Étape 3 – Préparer le farz blanc
Nous procédons de façon similaire : mélange de farine de froment et de sucre, ajout des œufs entiers, puis incorporation de la crème fraîche et du lait. Les raisins secs (et éventuellement les pruneaux) sont farinés avant d’être intégrés, afin de mieux se répartir dans la pâte. Là encore, nous visons une pâte épaisse mais coulante. Le farz blanc, plus sucré, se rapproche d’un dessert, et beaucoup de familles l’apprécient presque comme une préparation à part entière en fin de repas.
- Texture idéale : pâte lisse, sans grumeaux, épaisse mais pouvant être versée
- Erreur fréquente : pâte trop fluide, qui donne un farz dense et mal structuré
- Conseil : ajuster avec un peu de farine si nécessaire, en fin de mélange
Étape 4 – Mise en sac et cuisson des farz
Le sac à kig ha farz ? est un élément emblématique : il s’agit d’un sac en toile épaisse (toile de coton ou de lin), parfaitement propre, parfois légèrement fariné à l’intérieur. Nous versons la pâte de farz noir dans un premier sac, puis la pâte de farz blanc dans un second. Chaque sac est bien serré avec une ficelle de cuisine, en laissant au moins 20 cm de ficelle pour pouvoir l’attacher aux poignées du faitout. L’enjeu est d’éviter toute entrée de bouillon dans le sac, tout en permettant la dilatation de la pâte pendant la cuisson.

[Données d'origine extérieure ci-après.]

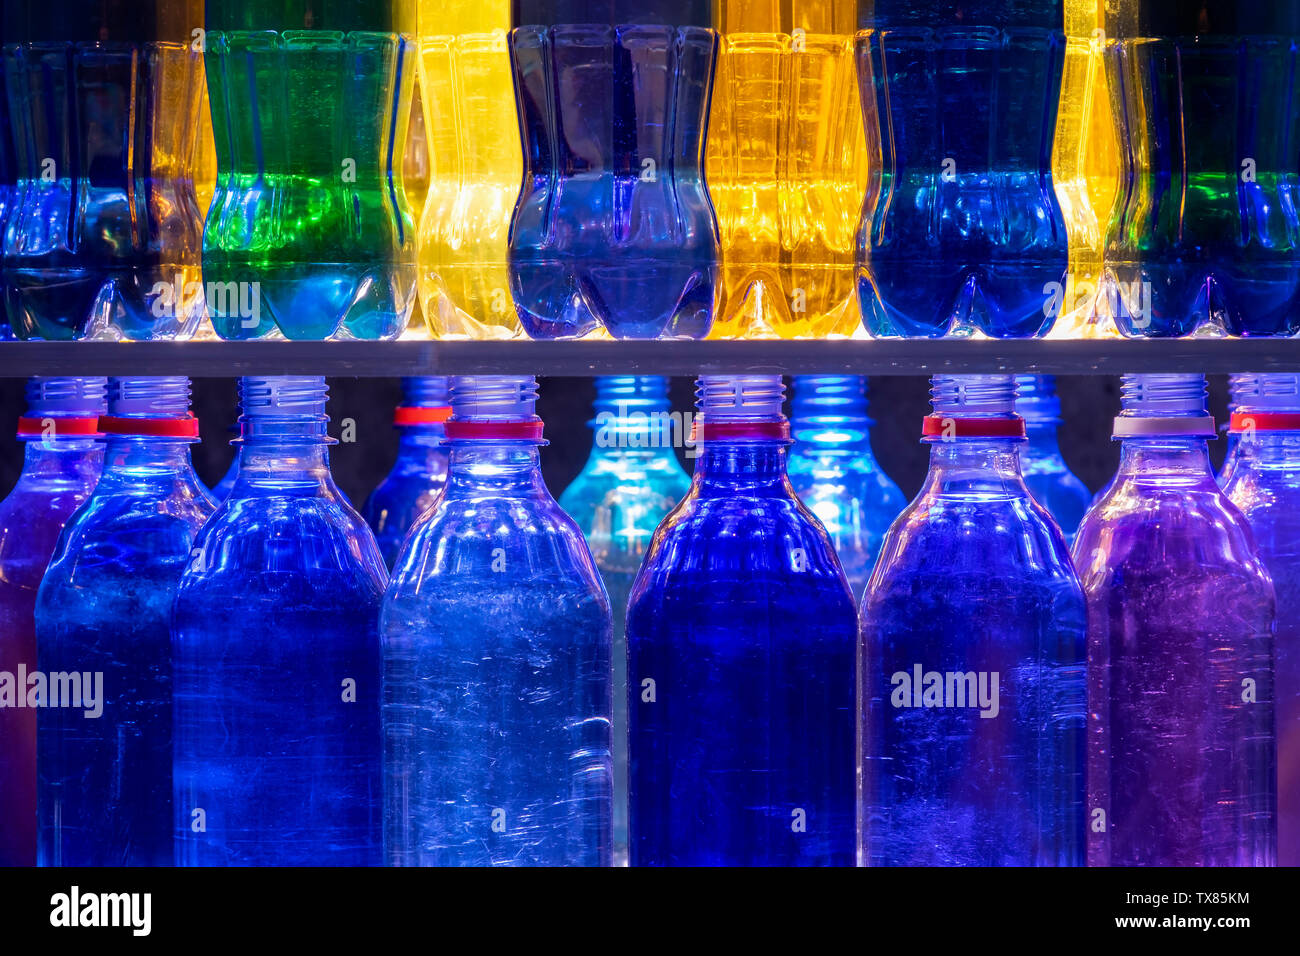 Les bouteilles en plastique colorés empilés sur des étagères Banque D'Images

Les sacs sont ensuite plongés dans le bouillon frémissant, en même temps que les éventuelles saucisses fumées ou pièces de viande ajoutées en fin de parcours. La cuisson du farz dure en général 1 h 30 à 2 h supplémentaires. Sur les recettes de référence, nous voyons régulièrement des temps globaux de 3 h à 5 h pour l’ensemble du plat. D’expérience, un total de 3 h (1 h 30 de pot-au-feu + 1 h 30 avec les sacs) donne un résultat déjà très satisfaisant, même si certains amateurs préfèrent pousser à 4 h pour accentuer le fondant.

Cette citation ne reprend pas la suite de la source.